When running the benchmark code on my machine, the following results are produced:
BenchmarkDotNet=v0.11.5, OS=macOS Mojave 10.14.5 (18F203) [Darwin 18.6.0]
Intel Core i7-8850H CPU 2.60GHz (Coffee Lake), 1 CPU, 12 logical and 6 physical cores
.NET Core SDK=2.2.300
[Host] : .NET Core 2.2.5 (CoreCLR 4.6.27617.05, CoreFX 4.6.27618.01), 64bit RyuJIT
Job-UNMZYR : .NET Core 2.2.5 (CoreCLR 4.6.27617.05, CoreFX 4.6.27618.01), 64bit RyuJIT
Runtime=Core Toolchain=netcoreapp2.1
Method | StringLength | Mean | Error | StdDev | Ratio | Rank | Gen 0 | Gen 1 | Gen 2 | Allocated |
---|---|---|---|---|---|---|---|---|---|---|
Marshal | 100 | 32.24 ns | 0.6299 ns | 0.5892 ns | 0.03 | 1 | 0.0474 | - | - | 224 B |
UTF8 | 100 | 74.14 ns | 0.2456 ns | 0.2177 ns | 0.06 | 2 | 0.0271 | - | - | 128 B |
MessagePack | 100 | 100.74 ns | 0.4471 ns | 0.4183 ns | 0.08 | 3 | 0.0271 | - | - | 128 B |
Unicode | 100 | 118.63 ns | 0.7008 ns | 0.6212 ns | 0.10 | 4 | 0.0474 | - | - | 224 B |
JSON | 100 | 487.11 ns | 2.8129 ns | 2.4936 ns | 0.41 | 5 | 0.3386 | - | - | 1600 B |
ProtoBuf | 100 | 737.57 ns | 6.1722 ns | 5.4715 ns | 0.62 | 6 | 0.1450 | - | - | 688 B |
BinaryFormatter | 100 | 1,188.71 ns | 12.7686 ns | 11.3190 ns | 1.00 | 7 | 0.6008 | - | - | 2840 B |
BenchmarkDotNet=v0.11.5, OS=macOS Mojave 10.14.5 (18F203) [Darwin 18.6.0]
Intel Core i7-8850H CPU 2.60GHz (Coffee Lake), 1 CPU, 12 logical and 6 physical cores
.NET Core SDK=2.2.300
[Host] : .NET Core 2.2.5 (CoreCLR 4.6.27617.05, CoreFX 4.6.27618.01), 64bit RyuJIT
Job-UNMZYR : .NET Core 2.2.5 (CoreCLR 4.6.27617.05, CoreFX 4.6.27618.01), 64bit RyuJIT
Runtime=Core Toolchain=netcoreapp2.1
Method | Mean | Error | StdDev | Ratio | Rank | Gen 0 | Gen 1 | Gen 2 | Allocated |
---|---|---|---|---|---|---|---|---|---|
ProtoBuf | 3.188 μs | 0.0123 μs | 0.0115 μs | 0.03 | 1 | 0.4959 | - | - | 2.29 KB |
MessagePack | 3.859 μs | 0.0321 μs | 0.0300 μs | 0.03 | 2 | 0.3662 | - | - | 1.7 KB |
JSON | 26.522 μs | 0.2068 μs | 0.1833 μs | 0.23 | 3 | 1.8616 | - | - | 8.66 KB |
BinaryFormatter | 116.973 μs | 0.4336 μs | 0.3621 μs | 1.00 | 4 | 9.0332 | - | - | 41.67 KB |
The performance comparison of the implementations of IByteConverter<T>
, where T
is string
,
has a clear winner: Marshal
. It comes as no surprise that Marshal
is the winner,
as copying the string
directly from memory should be very fast. The surprise lies in how much faster it is: It uses only 3% of the time used by BinaryFormatter
(the absolute loser in both benchmarks) for converting a string
to bytes!
For the implementations where T
is ComplexType
and Marshal
therefore cannot be used, ProtoBuf
and MessagePack
are the clear winners with very comparable performance characteristics, both using about 3% of the time used by BinaryFormatter
.
It is also worth noting that BinaryFormatter
is not only the slowest method, but also by far uses the most memory.
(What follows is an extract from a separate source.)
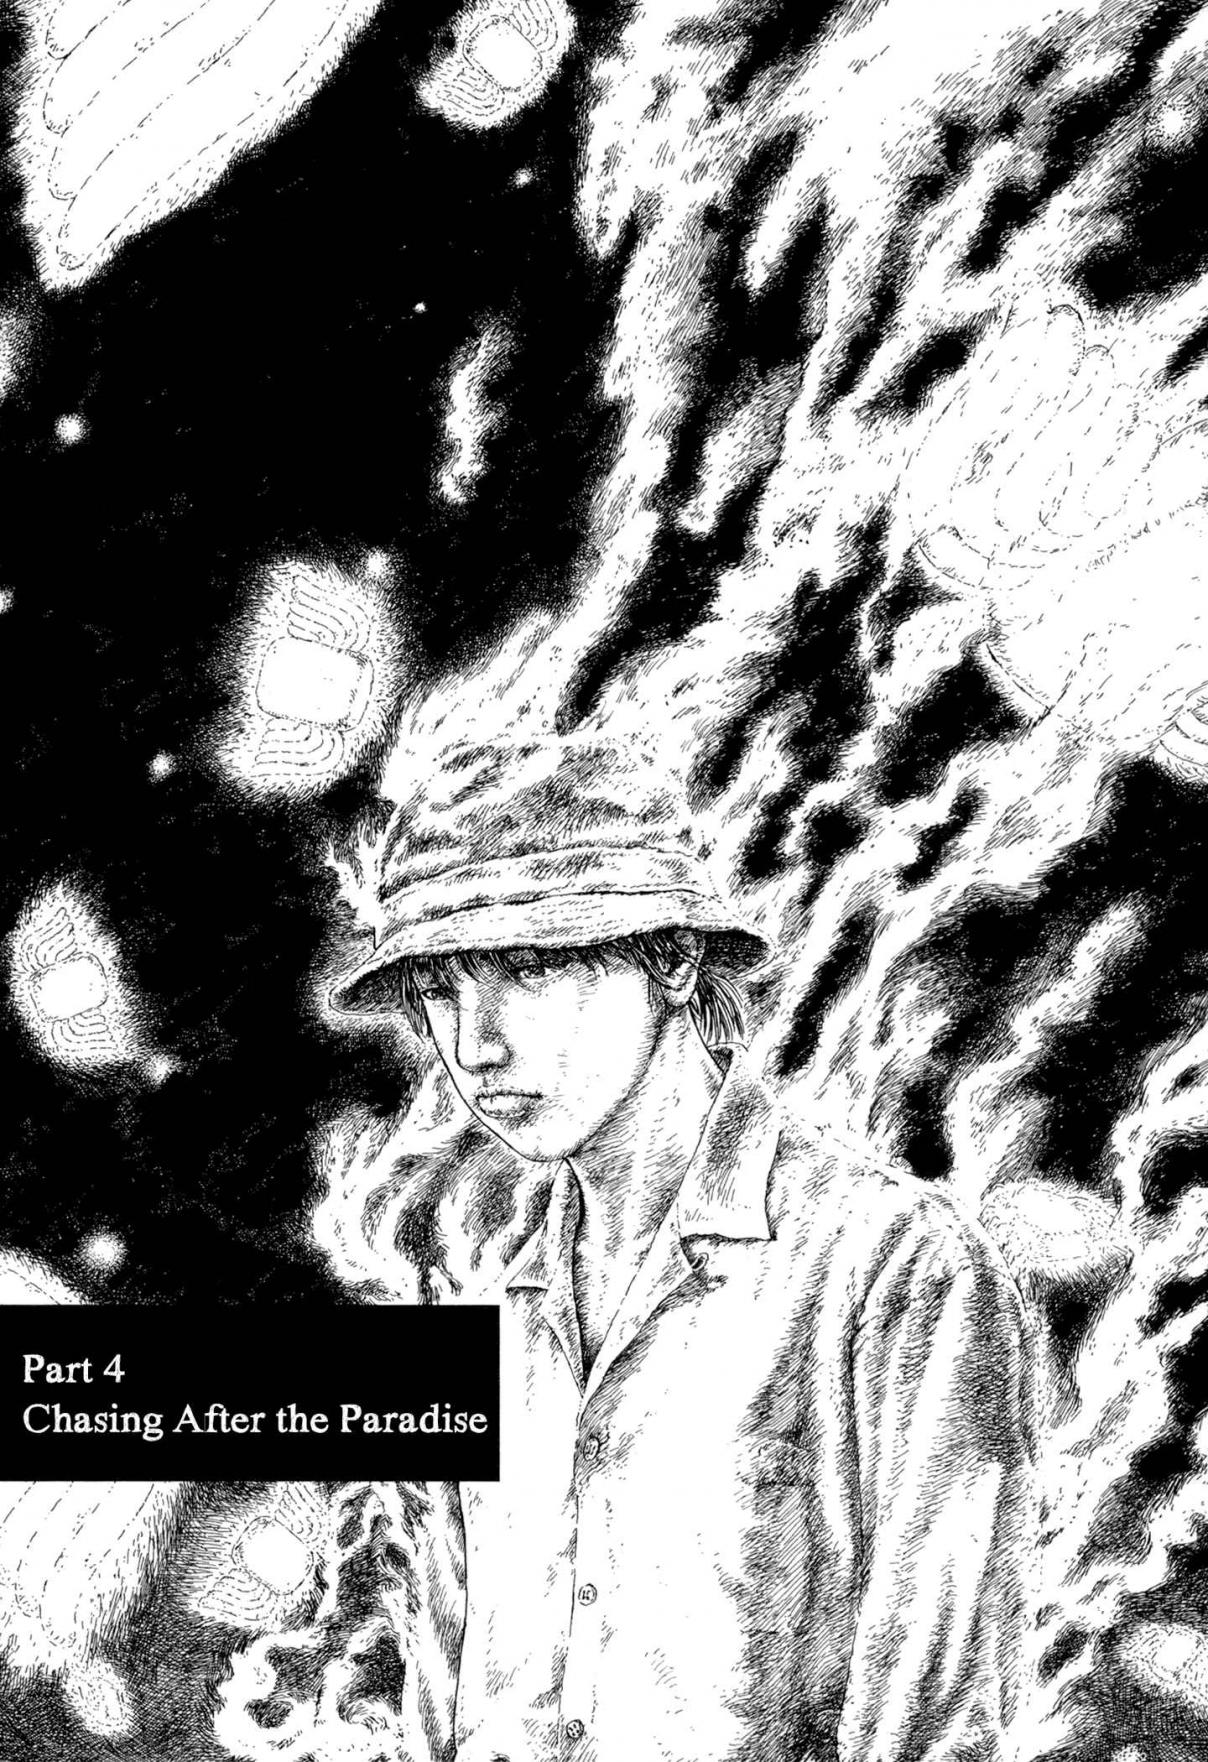 A Diffusion Disease Vol. 1 Ch. 4 Chasing After the Paradise

So - when you need to serialize an object to bytes, how should you do it? The overall answer seems to be "anything but BinaryFormatter
".
If you need to serialize string
s only, you should go with copying the string
s directly from memory using Marshal
. Otherwise, you should use protobuf-net or MessagePack.